С тех пор прошло пятнадцать лет. «Граф» знал из газет, что брат занимает очень видное место. О нем пишут в газетах. В иллюстрациях помещают его портреты. «Знатный братец» был знаменит, и пропойца-нищий раза два-три видел его на улице… видел и каждый раз вспоминал его со злобой. Он ненавидел его и глубоко презирал, считая его далеко не заслуживающим той репутации, какой он пользовался. Прослышав про его богатство, он был уверен, что «знатный братец», несмотря на всю свою корректность, далеко не разборчив в средствах, но только умеет ловко хоронить концы.
«Наверное, ворует!» – решил «граф» и нередко в компании таких же пропойц, как он сам, ораторствовал по поводу несправедливости и неправды, которые царят на земле.
– Укради что-нибудь какой-нибудь уличный воришка – и его в тюрьму, ему нет пощады, а если ворует видное лицо, как бы вы думали, что ему? Ничего! Даже если и попадется, то самое большее, что уволят и назначат в какой-нибудь совет… Так-то на свете творятся дела!
Он все ждал, что «знатный братец» попадется и его уволят, но проходили года, и он крепко сидел на своем месте, хотя озлобленная уверенность «графа» как будто и имела некоторые основания. По крайней мере о бескорыстии Опольева ходили весьма нелестные слухи в бюрократических кругах, и многие удивлялись, как это министр верит в добродетели Опольева.
С такими недобрыми воспоминаниями о своем «знатном братце» граф еще долго не засыпал. Он уж не надеялся больше на ответ. Никакого ответа не будет. Необходимо придумать новый источник для приобретения полушубка.
На следующее утро, скверное и сырое октябрьское утро, «граф» с Антошкой отправились в Александровский рынок и после тщательного осмотра разных костюмов и сапог купили, наконец, все, что было нужно.

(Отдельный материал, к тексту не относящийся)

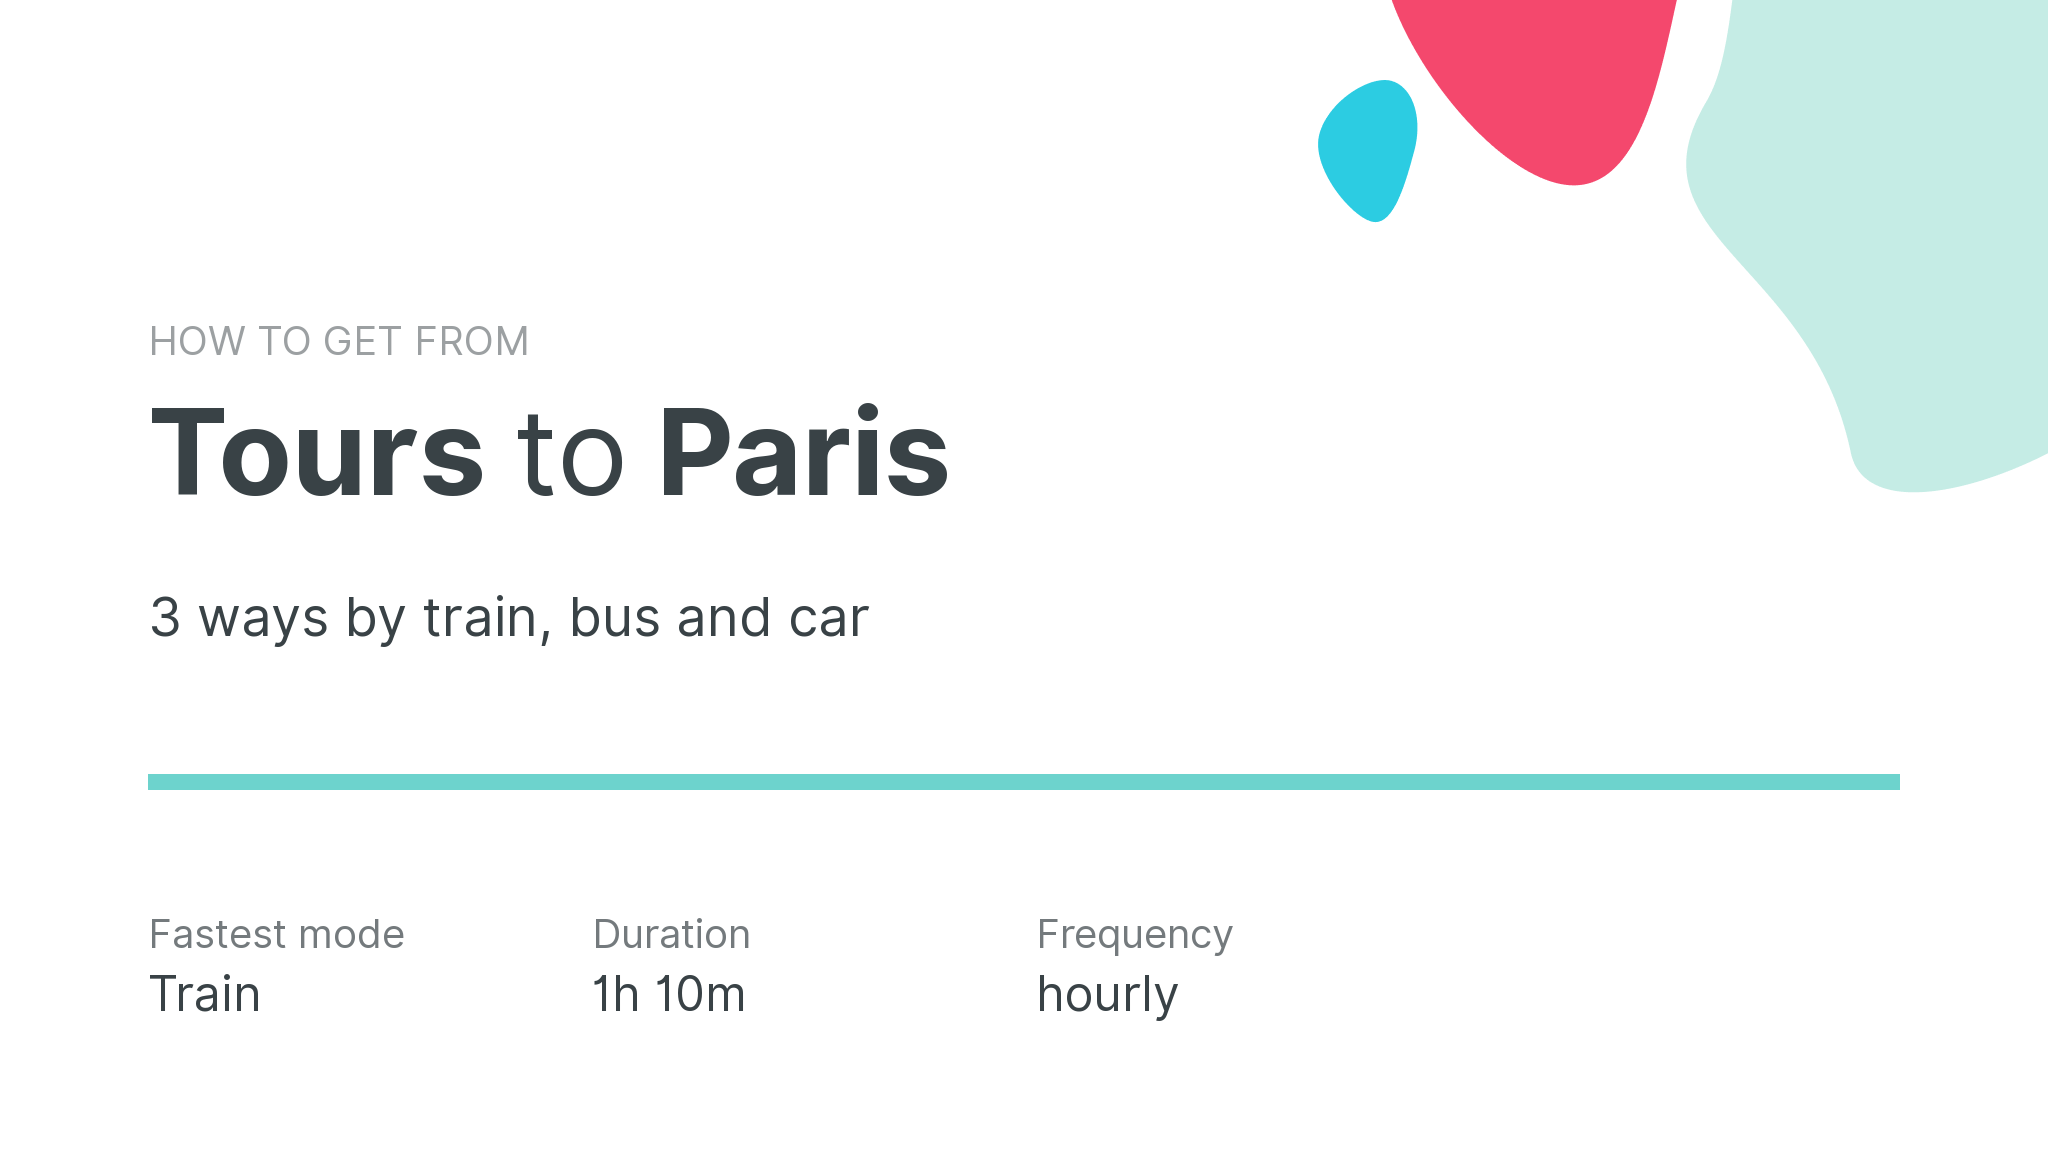 How do I get from Tours to Paris

Нельзя сказать, чтобы «граф» был удовлетворен покупками, но зато Антошка был в полном восторге и от сапог, и от поношенной темно-серой блузы, и от штанов, приобретенных за три рубля после довольно оживленного торга. В таком костюме Антошка еще никогда не ходил. Все было цело и, главное, впору, точно на него сшитое. «Дяденькины» же костюмы всегда отличались полным несоответствием с тоненькой и худенькой фигурой Антошки и имели вид мешков. Недурна была и фуфайка, приятно согревающая грудь, хороша была и шапка из поддельных смушек, купленная у татарина за двугривенный.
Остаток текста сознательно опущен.